THE TASK: Begin with the first line of the material and write out each line exactly, ending with the line that contains "Ruche Console Black Lacquer". Pictures are not part of the copy.
[DATA EXTRACT]
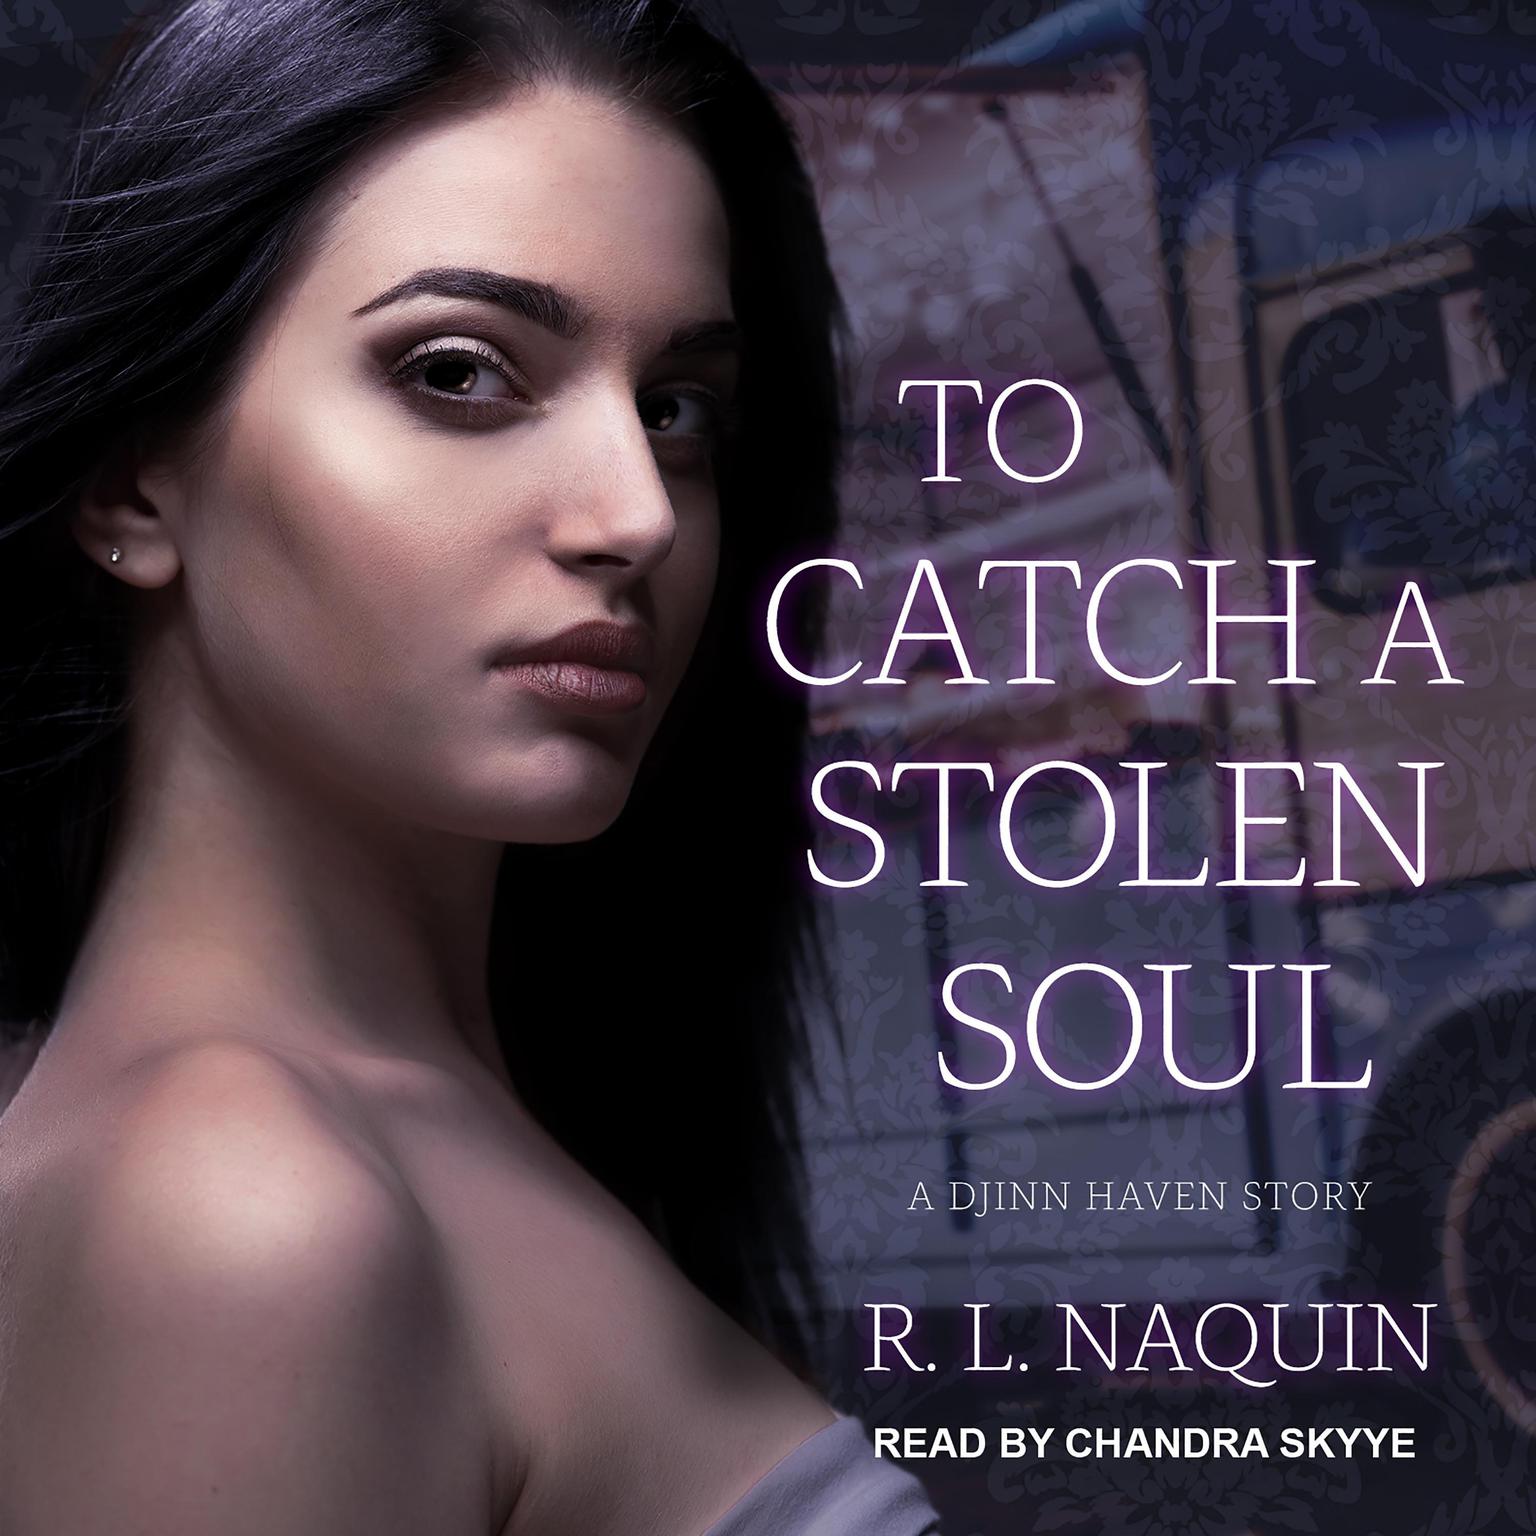 To Catch a Stolen Soul: A Humorous Urban Fantasy Novel Audiobook, by R. L. Naquin
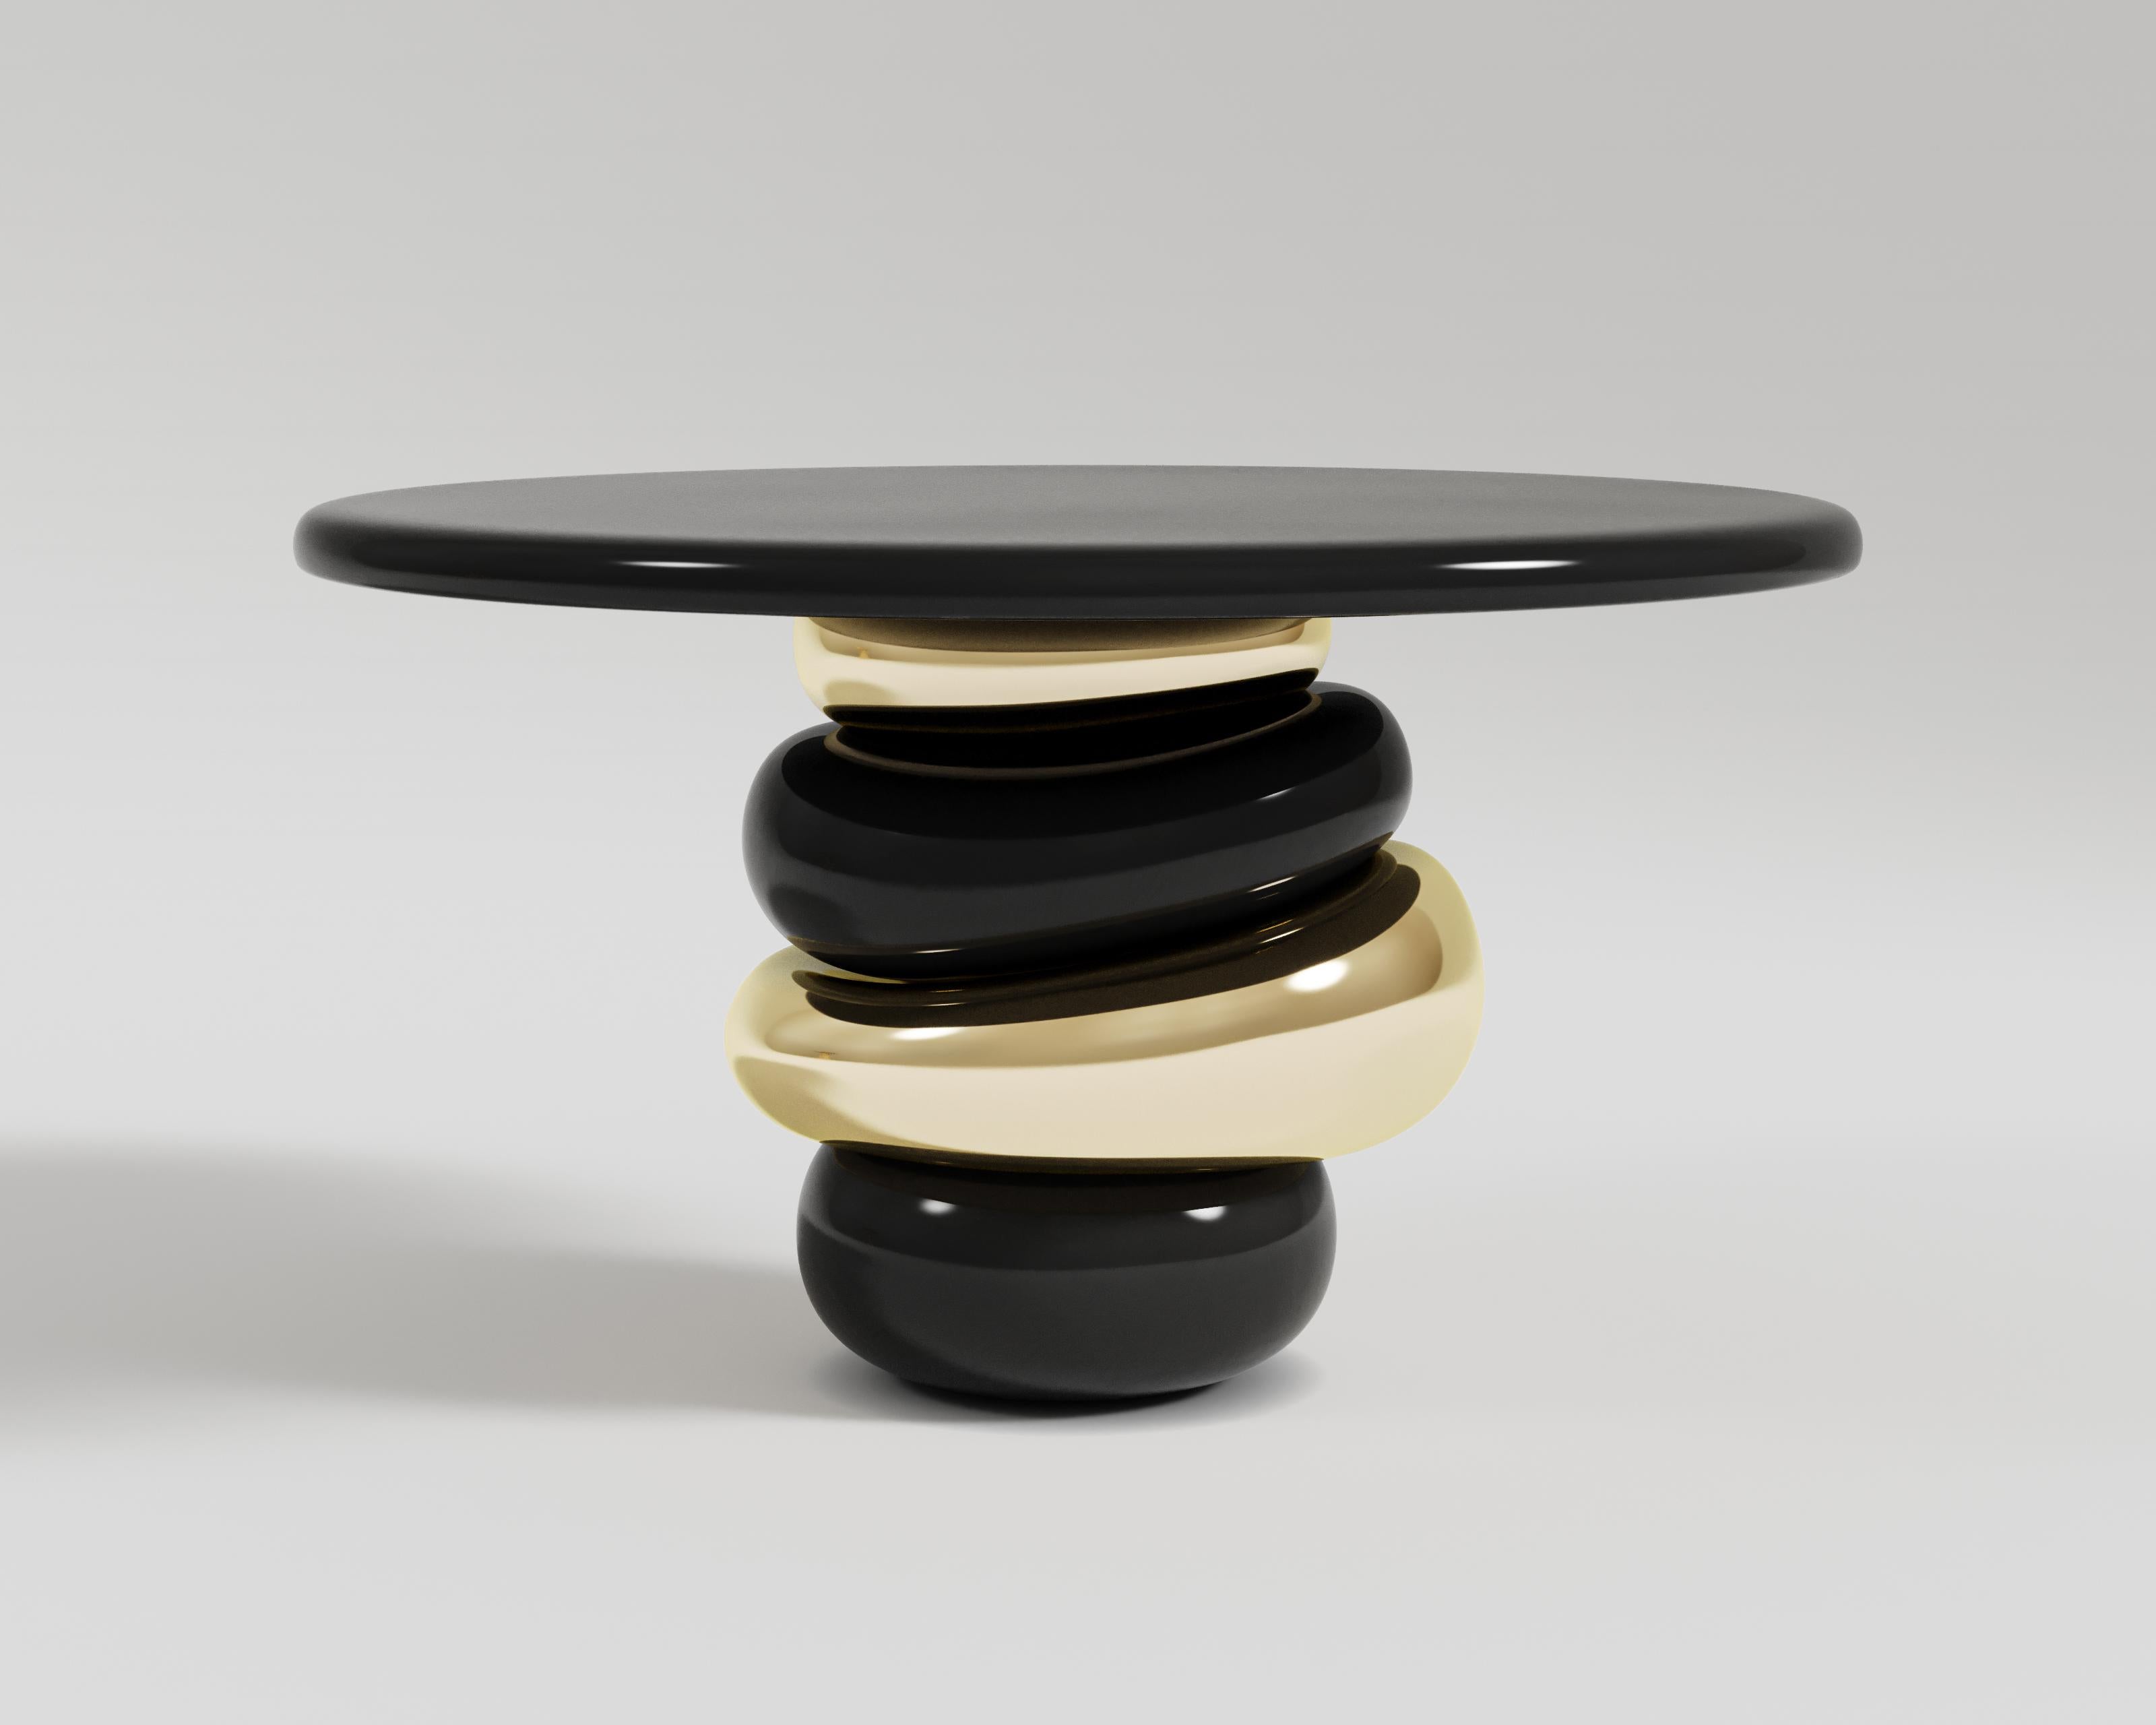 Ruche Console Black Lacquer
Ruche is a ballet of disparate elements that goes beyond the duties of being functional and turns out to be a mesmerizing art. The frame is constructed entirely from metal, one can easily visualize the toughness and
[/DATA EXTRACT]
REPLY:
 To Catch a Stolen Soul: A Humorous Urban Fantasy Novel Audiobook, by R. L. Naquin
 Ruche Console Black Lacquer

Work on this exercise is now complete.